Solving The Trigo Dilemma for cos(-A)

[Kyoma]

Given that sinA= $$\frac{-1}{\sqrt{5}}$$ where A is more than 180 degrees and less than 270 degrees. Find the value of cos(-A).

Without using Calculator,

Since cos(-A) = cosA, and that A is in the 3rd quadrant, then after solving for the hypotenuse, adjacent and opposite, I got:

$$\frac{-2}{\sqrt{5}}$$

With Calculator,

A= Inverse Sin($$\frac{-1}{\sqrt{5}}$$) = -26.57 (4 T.C.)
Subst -26.57 into cos(-A), I got:

$$\frac{2}{\sqrt{5}}$$

One is positive, another is negative.
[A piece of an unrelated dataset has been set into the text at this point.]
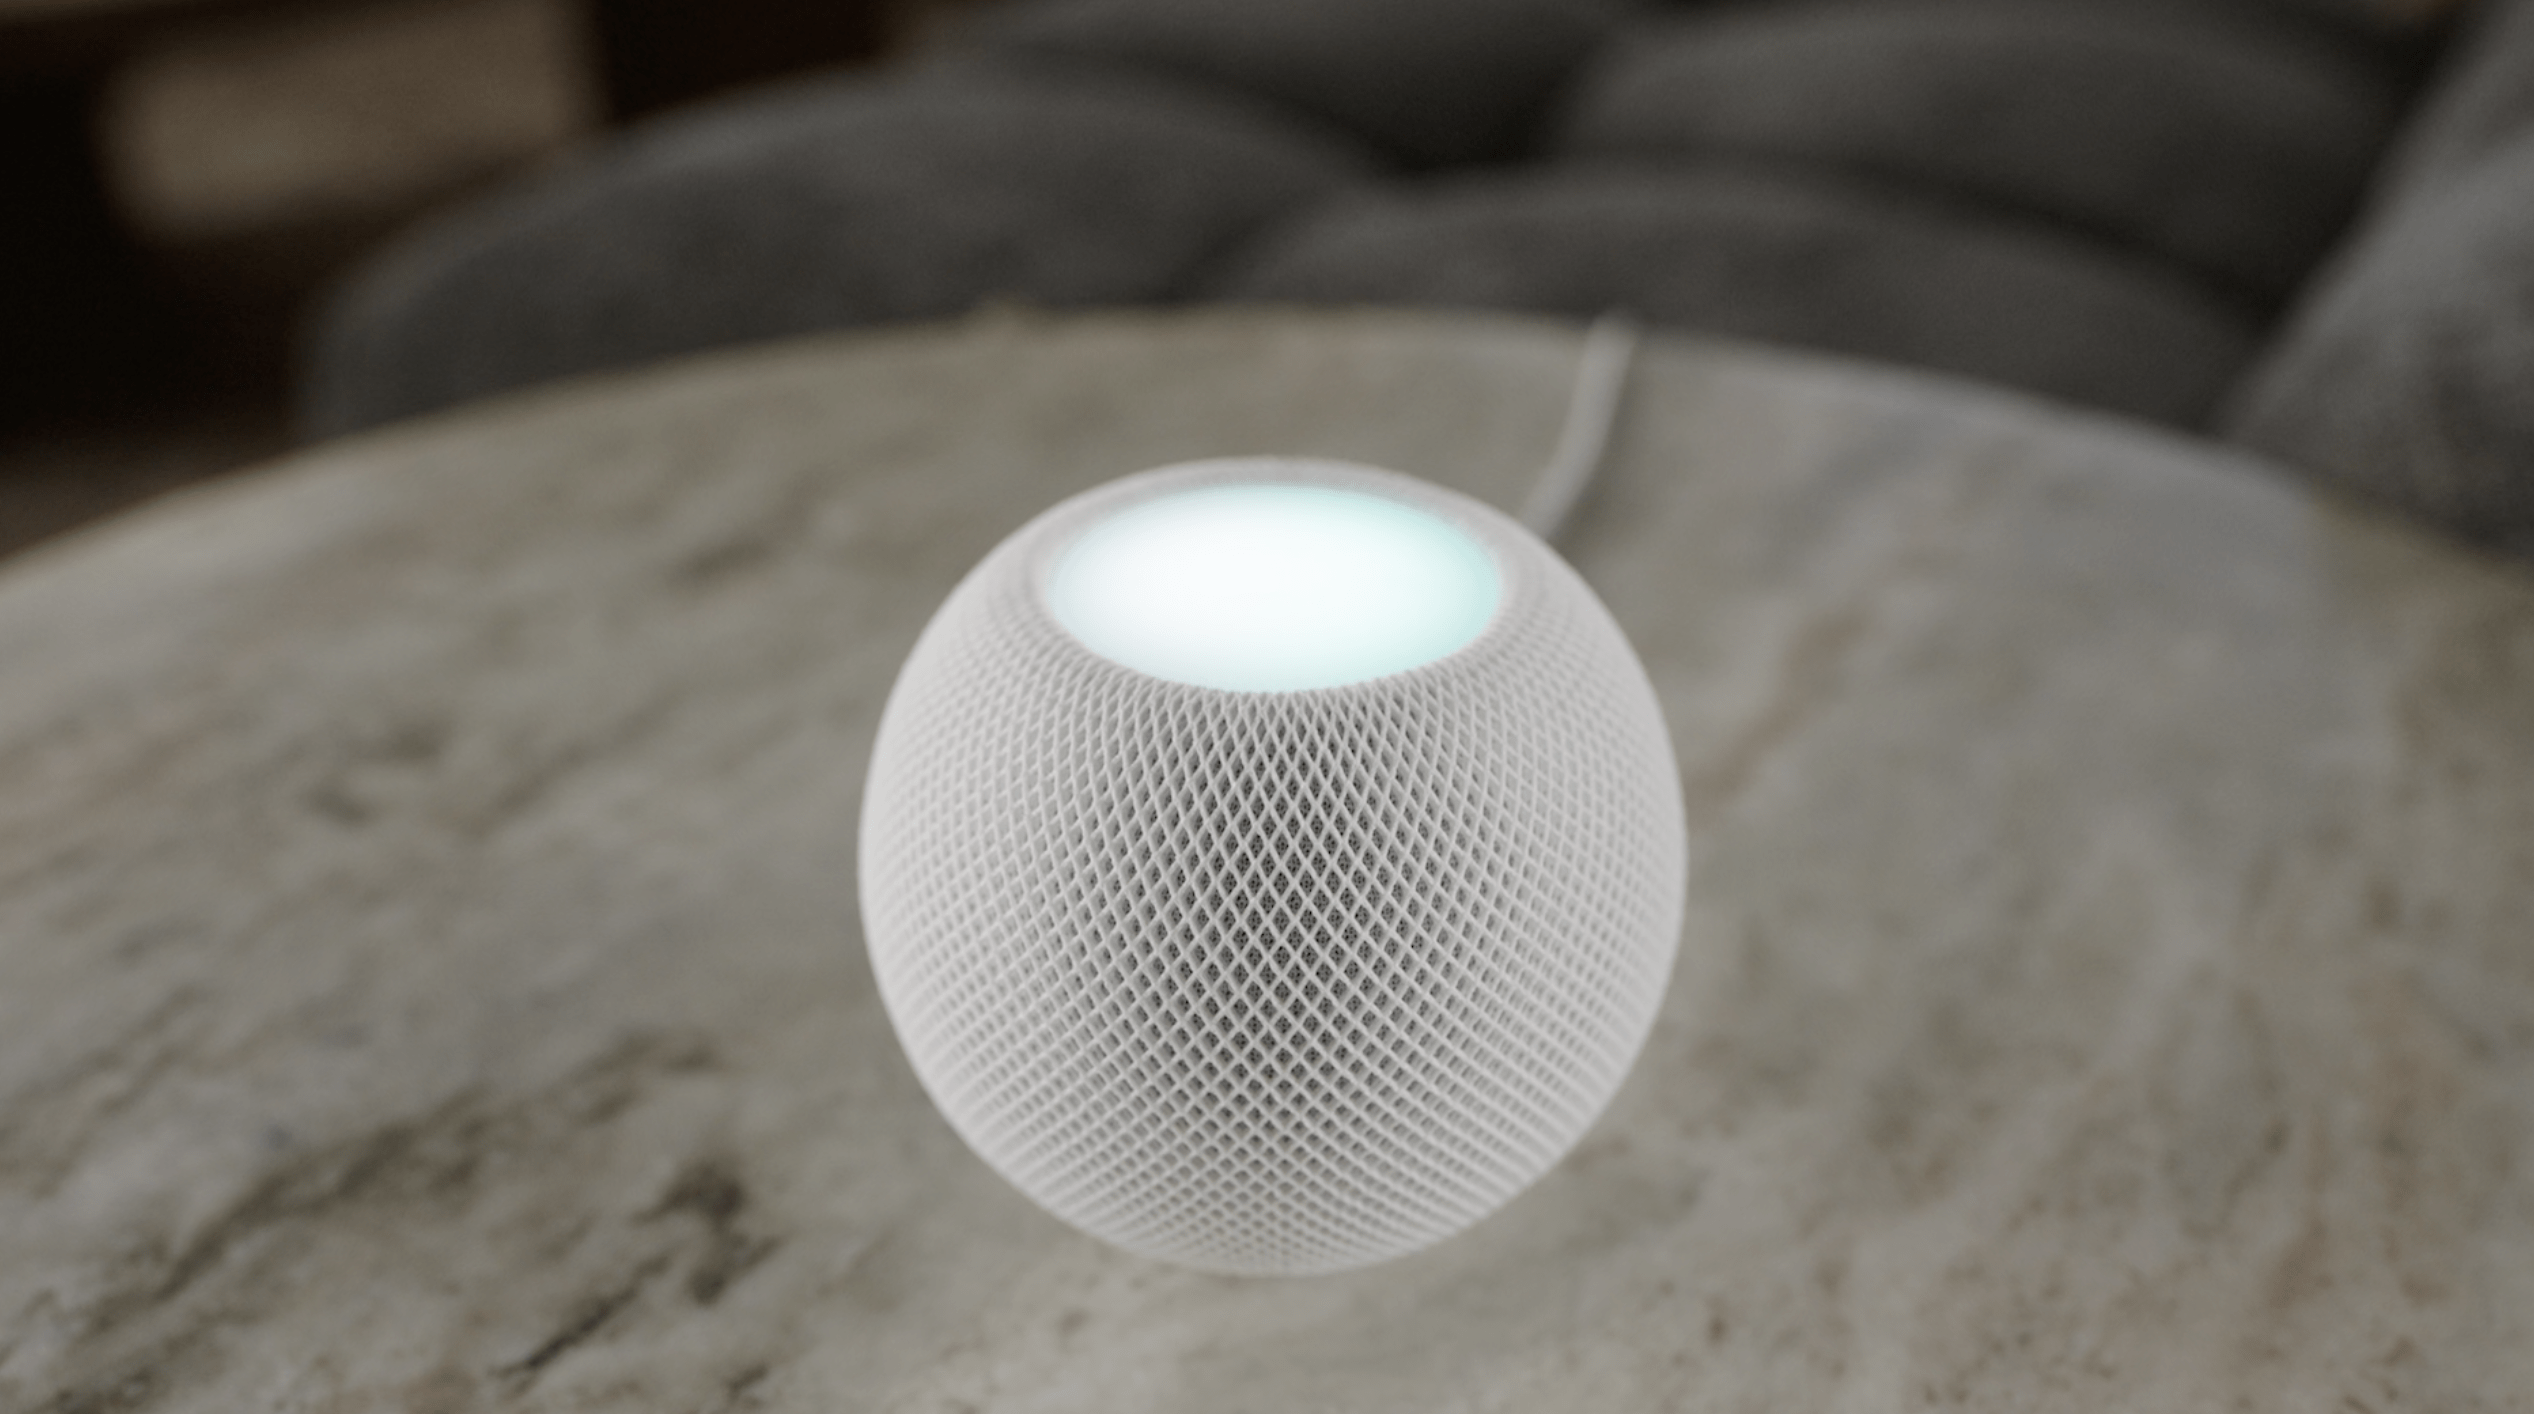 HomePod Mini is here available from 6th November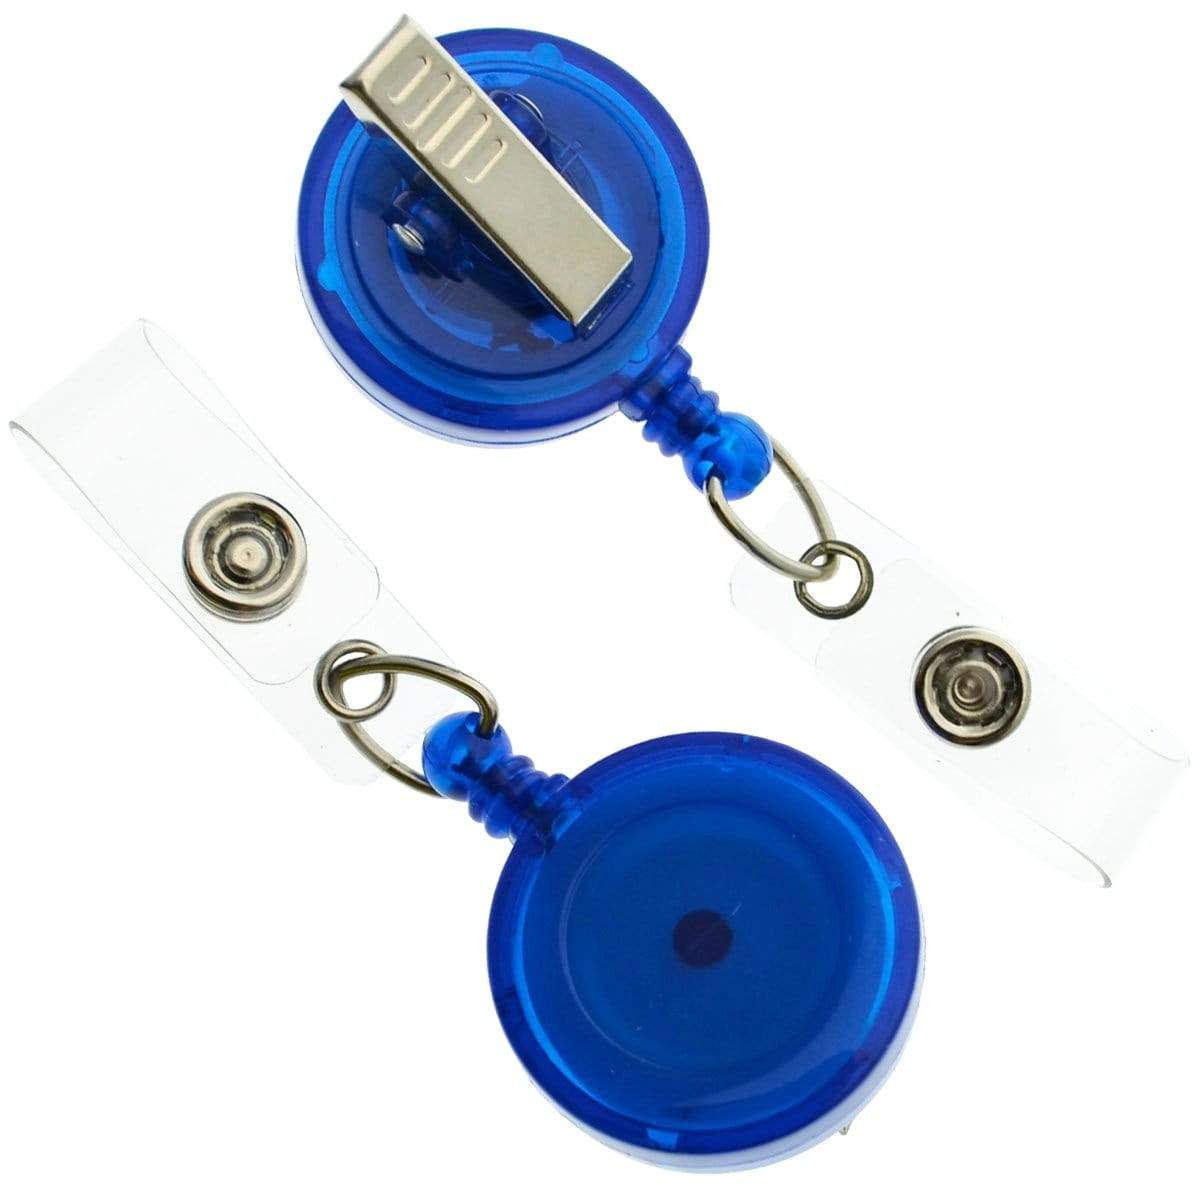 Translucent Badge Reel With Swivel Clip And Vinyl Strap Clip (P/N  2120-7621) and more Swivel Badge Reels at

Which is which?

 

[Hurkyl]

With Calculator,

A= Inverse Sin($$\frac{-1}{\sqrt{5}}$$) = -26.57 (4 T.C.)

That angle very clearly does not satisfy the system of equations and inequalities you were trying to solve...

 

[Kyoma]

Then is it possible to get Angle A?

 

[verty]

Yes, it is possible. Think about the domain and range of the arcsin function, then use trigonometric identities to get the correct answer.

 

[mathman]

A= -26.57 (4 T.C.)

I'll assume A is in degrees. That angle is in the fourth quadrant, not the third.